(RNS) St. Patrick’s tooth.
Justin Bieber’s hair clippings.

The bloodstained gloves that Mary Todd Lincoln carried to Ford’s Theatre.

What do they have in common?

They are relics—prized keepsakes, preserved because of their association with significant people and events.

Bieber fans who line up for hours to peer at a lock of the teen idol’s hair inside its autographed glass case share a common desire—on a deeper level—with tourists who stop to see Mary Lincoln’s gloves at a museum in Springfield, Ill., and religious pilgrims who make the journey to Dublin to venerate St. Patrick’s tooth.

They’re all seeking a physical connection to greatness.

“It is that same longing to connect on a physical and not just spiritual level that draws the faithful to the tombs of the saints, the houses where they lived, the altars before which they prayed, even the prisons where they were tortured,” author Thomas Craughwell writes in his fascinating and surprisingly entertaining new book, “Saints Preserved: An Encyclopedia of Relics.”

Craughwell, the author of several books, including 2006’s delightful of “Saints Behaving Badly: The Cutthroats, Crooks, Trollops, Con Men, and Devil-Worshipers Who Became Saints,” writes a monthly column on patron saints that runs in Catholic newspapers around the country.

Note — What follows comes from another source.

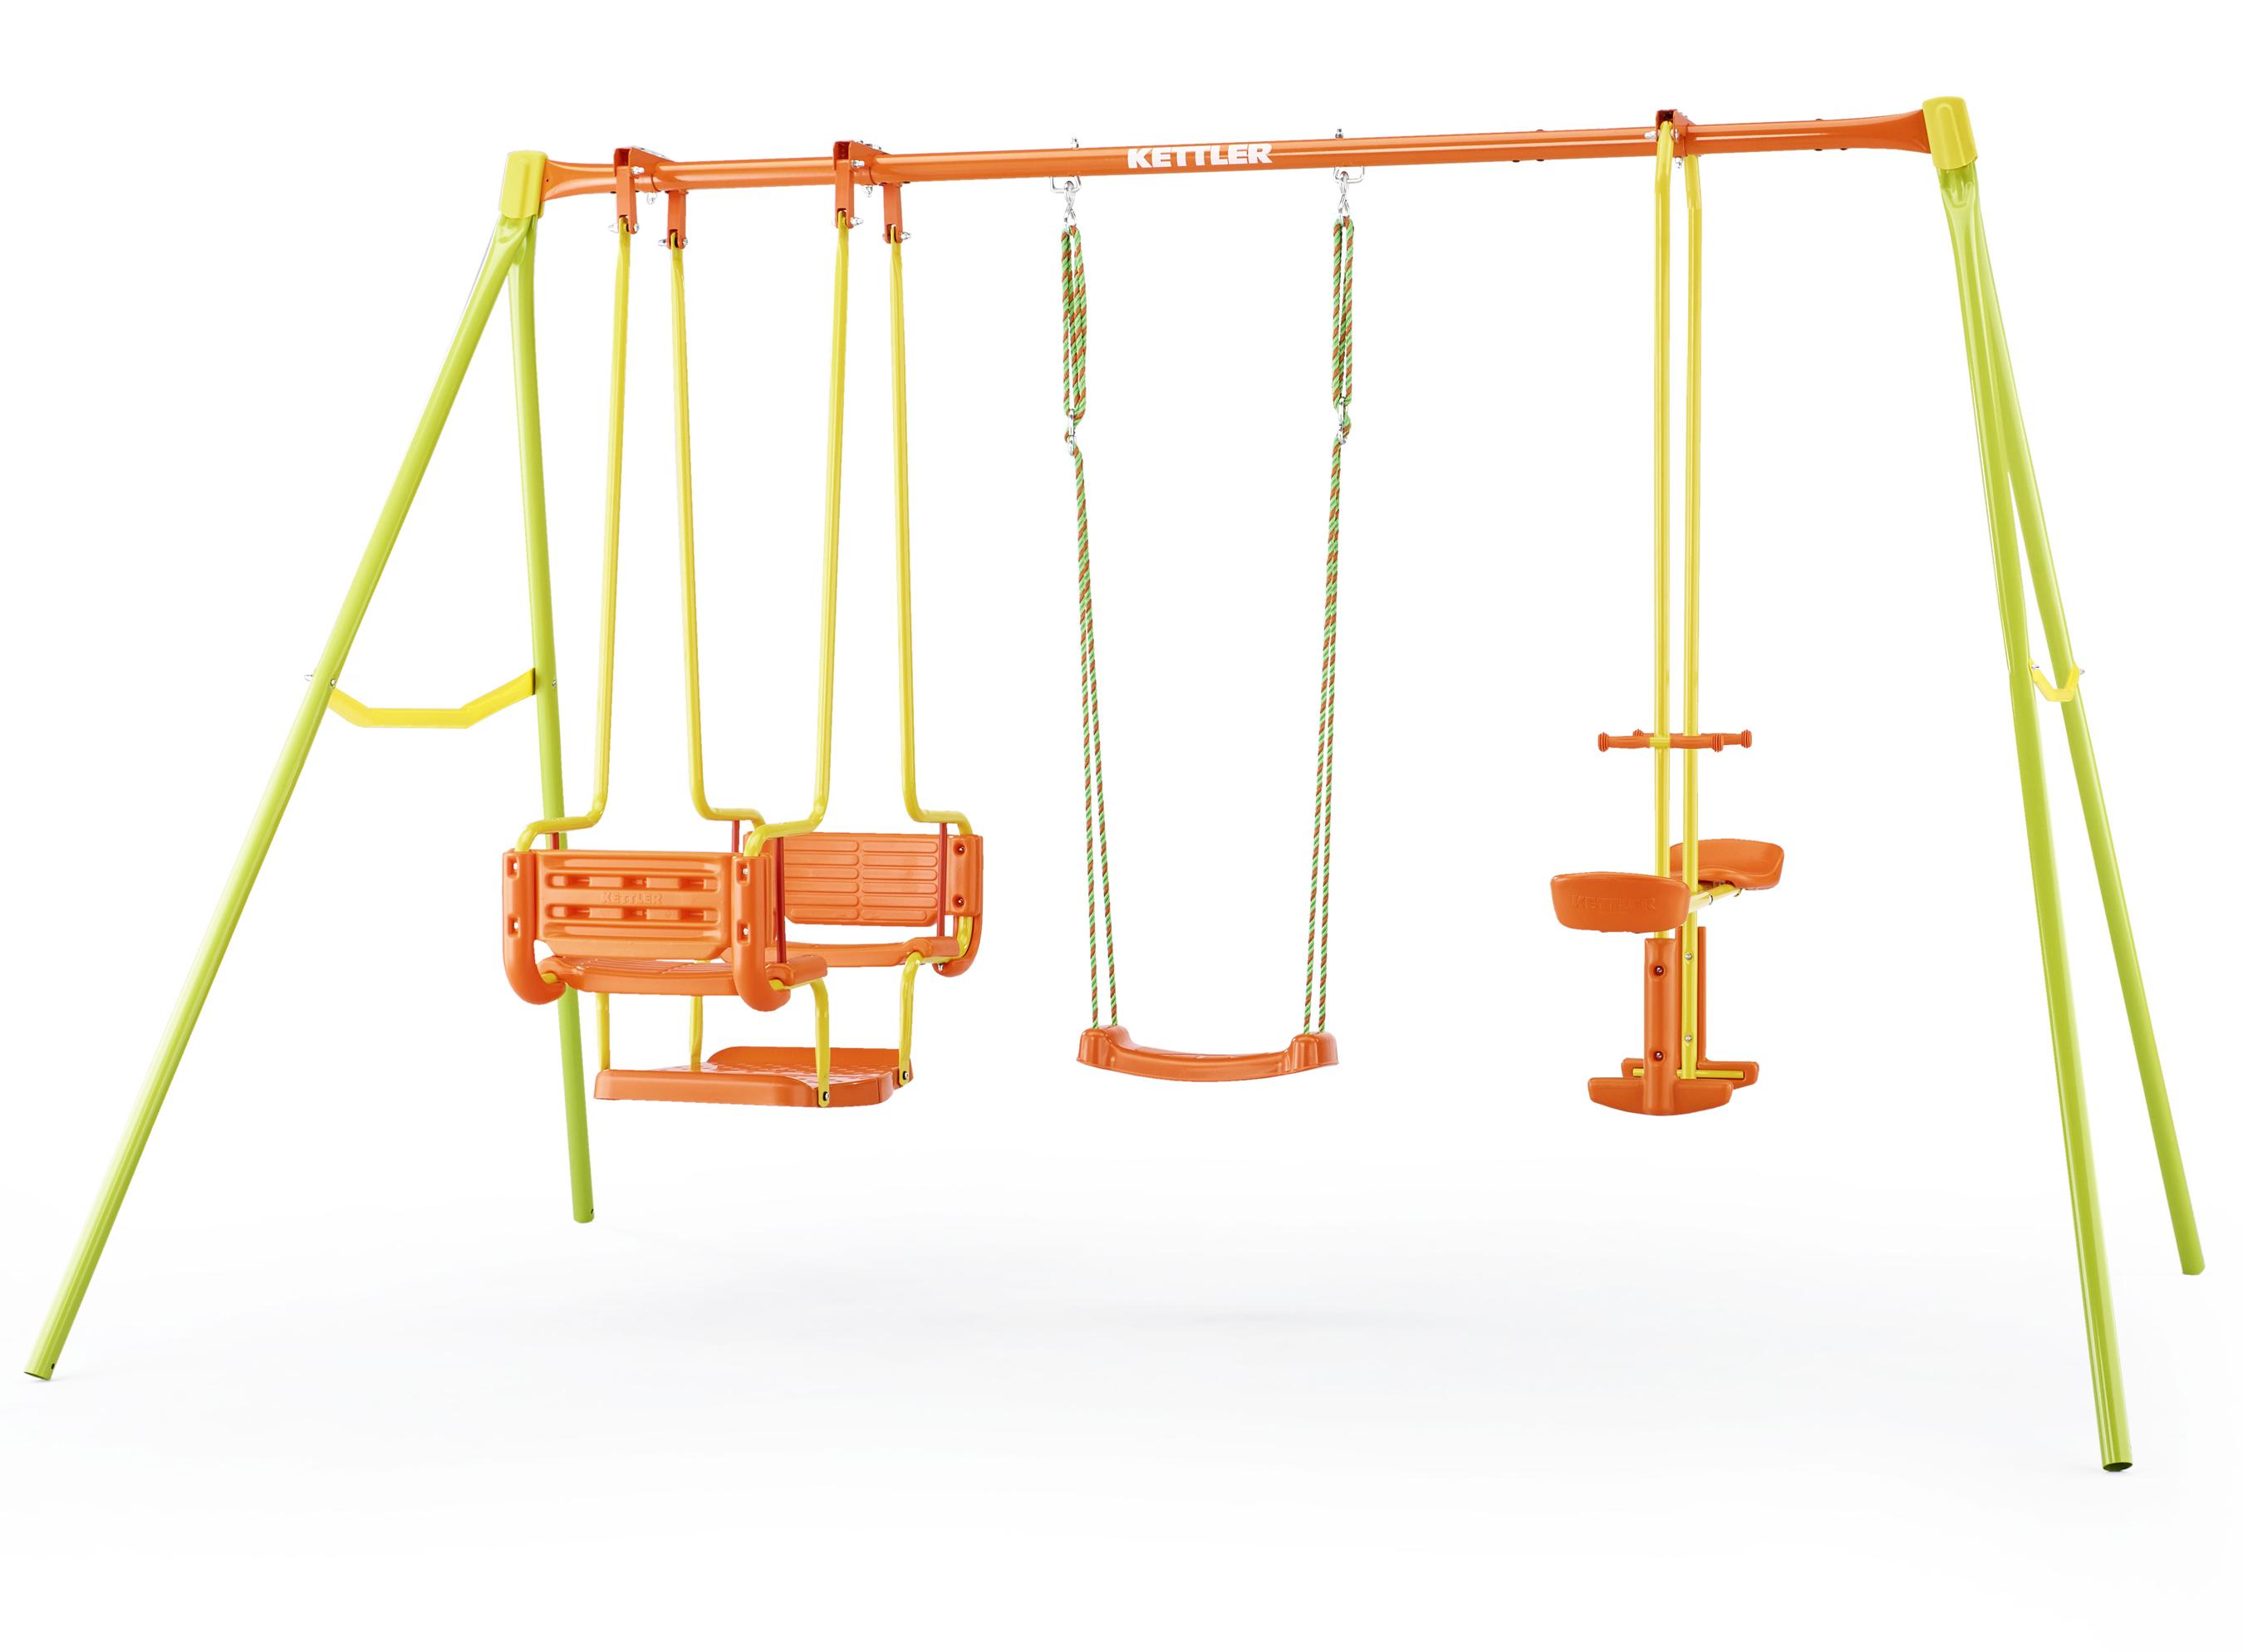 Schaukelgestell / Kinderschaukel Kettler Schaukel 4 0S01056-0010 Bild 1

His years of research led to his latest book, which catalogs 350 of the most famous, interesting or just plain odd relics on display at Catholic institutions around the globe.

Make no mistake, though, “Saints Preserved” is not a stuffy historical account or pious index of which relics are where. Craughwell has a marvelous sense of humor that shines in his breezy—and fascinating—descriptions of the relics, their provenance and the relic-enthusiast subculture, if you will.

“Anyone who thinks that the cult of relics of the saints is itself a relic of the Middle Ages should log on to eBay,” Craughwell writes. “On any day of the week the online shopper will find a thriving business in the sale of relics, ranging from dust from the tomb of Christ to splinters of the True Cross to bone fragments of countless saints.”

Among the relics Craughwell describes are:

—the relics of St. Bibiana, preserved inside an alabaster urn beneath the high altar of the little Basilica of St. Bibiana in Rome, near a column that is said to be the one to which executioners bound her before scourging her to death. St. Bibiana is invoked against hangovers. Yes, hangovers.

—the Holy Prepuce (a.k.a foreskin) of Jesus, which, according to legend, was given in 800 A.D. to Pope Leo III by the Holy Roman Emperor Charlemagne. It was housed in Rome’s Lateran Palace until 1527, when it was stolen by a German soldier during the sacking of Rome by German Lutherans and Spanish Catholics. The Holy Prepuce and its silver reliquary wound up in Calcata, Italy, where every Jan. 1 it is carried in procession during the Feast of the Circumcision of Our Lord and, as Craughwell writes, “exposed at the village church for public veneration.”

—the head of St. John the Baptist, which was one of the most coveted relics of the Middle Ages—when relics were big business, not all of it on the up-and-up. That may explain why no fewer than nine different religious sites claim to house it today, including a church in Rome, a cathedral in France, a monastery in Armenia and the Umayyad Mosque in Damascus.

—boards from what is said to be the Holy Manger where Jesus was born to the Virgin Mary in Bethlehem, which are kept in a large gold, silver and crystal urn in a tiny chapel below the high altar in Rome’s Basilica of St. Mary Major.

—the body of little-known St. Zita, a 13th-century Italian saint, which lies in a glass casket in the Basilica of San Frediano, in Lucca, Italy, where she attended Mass every day. Deeply pious all her life, Zita was just 12 when she was hired as a servant for a wealthy family and would get up before sunrise to attend Mass next door to her master’s house. One day she put bread in the oven before going to Mass and became so caught up in prayer that she lost track of time. It is said that when she rushed back to the kitchen, she found perfect loaves cooling on the table—angels had tended to her baking while she prayed. She is the patron saint of housekeepers and waitresses.

Visiting these relics, Craughwell explained, is akin to visiting the grave of a loved one, or cherishing a family heirloom.

“The shrine or relic is a physical link with someone who was faithful to God in this life,” he said. “Bringing out Grandma’s china for Christmas dinner stirs the emotions and makes us feel connected once again to someone we loved but who has since died. Relics work in the same way but more intensely, because … the connection is not only to someone we love but to someone who was genuinely holy.”